Every character is going to have a different viewpoint on the same thing based on so many facets of their life, upbringing, characteristics, desires etc. In the first act of my debut, THE IVORY KEY, two characters look at a brightly lit fort and think totally different things. A rebel sees it as an ever present reminder of how the queens have failed their country while the other–who is the queen–sees it as a beacon lighting her way home. Both of those opinions are valid because of what they each care about not only within that scene, but in the book as a whole. 

If a character loves something, the way they describe it (the word choice, the tone, the metaphors they use) will be a lot different than if they hate it. And not only that, their opinion is also going to dictate what they do. If a judgmental character learns of a friend’s choice to get back together with an ex, they might roll their eyes and make snide comments because their opinion is that their friend deserves better. However, they can also take it a step farther and internalize that as: “I need to help my friend escape a bad situation” and maybe their goal now is that they’re going to break their friend and love interest apart. 

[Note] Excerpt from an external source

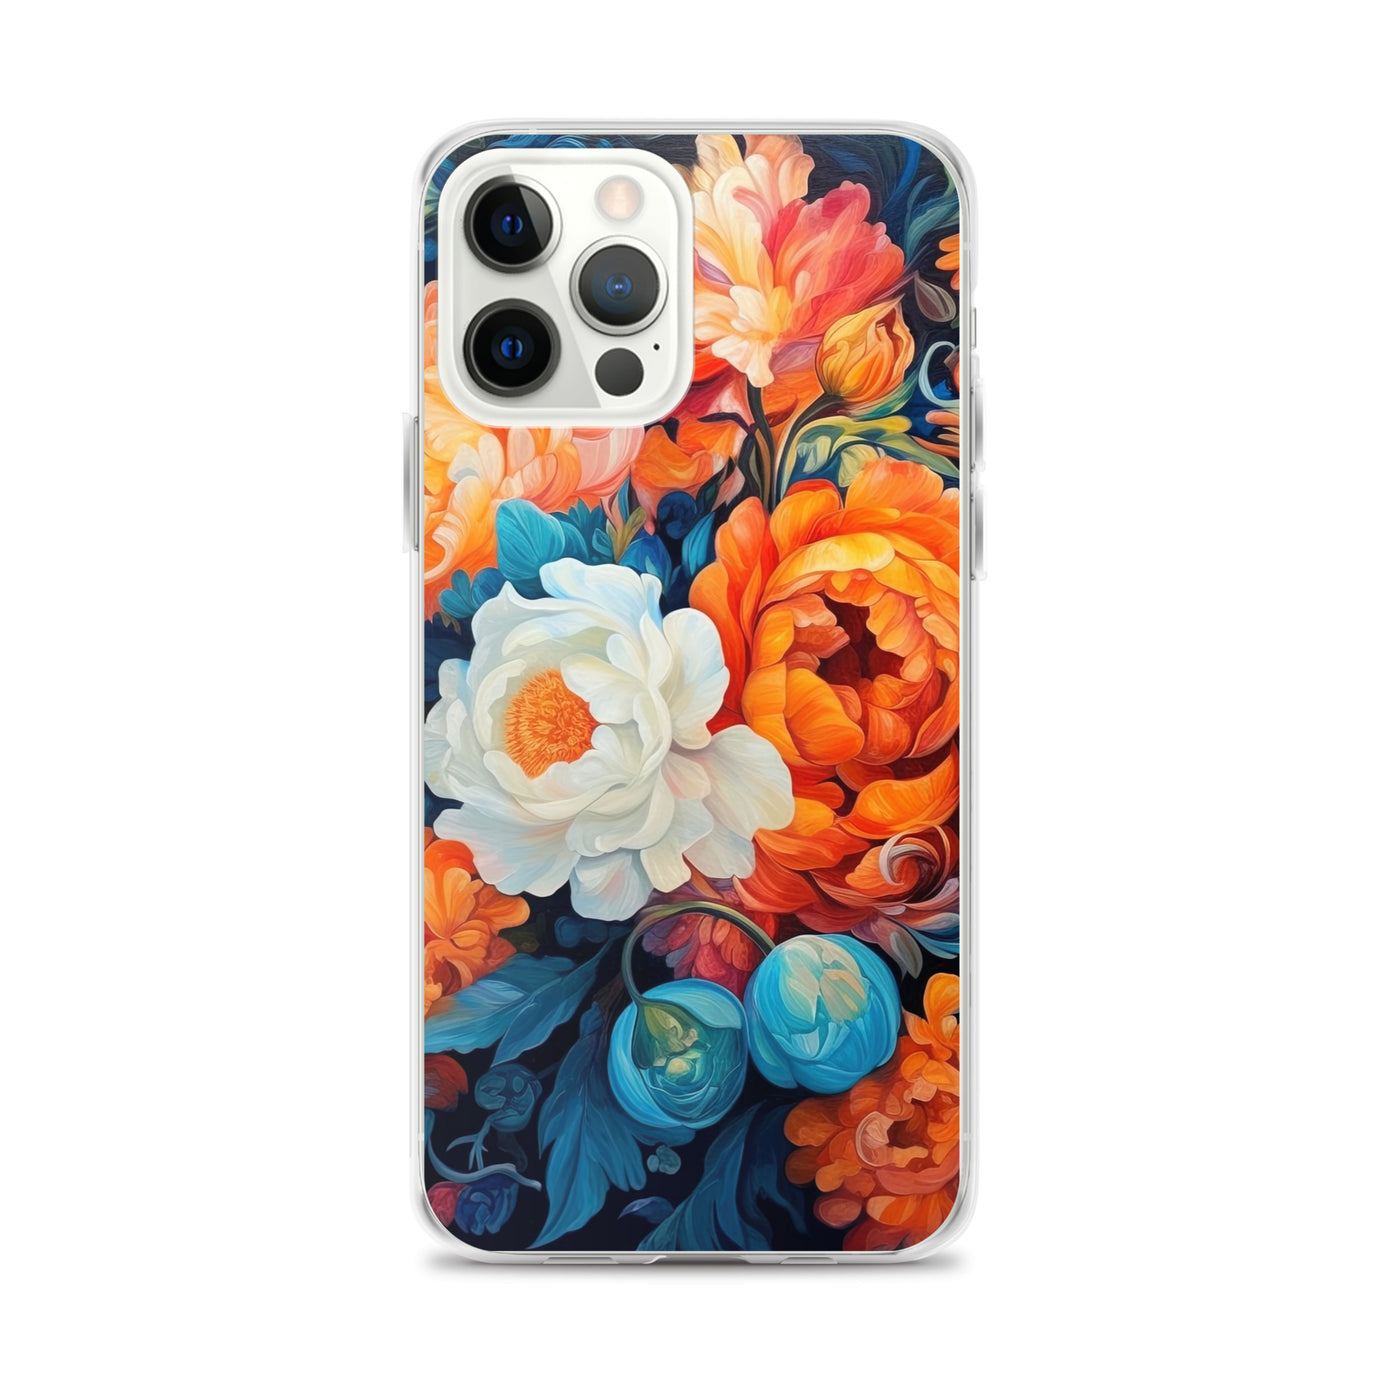 Bunte Blumen - Schöne Malerei - iPhone Schutzhülle (durchsichtig) camping xxx iPhone 12 Pro Max

Opinions are magical (or at least that’s my opinion anyway!) They are truly one of the easiest ways to make sure that readers understand and feel fully immersed in the main character’s point of view. What a character has an opinion on as well as what that opinion is will tell us a lot about who they are and what they care about. And even better, opinions are great at pulling double duty–you can simultaneously establish a character’s voice while filling in other crucial elements like world building, character dynamics, and plot. 


I hope these three questions can help you zero in on what is missing from your first chapters and help you craft a compelling beginning. Let me know in the comments if you have any other tips that help you with opening scenes or even some of your favorite first chapters!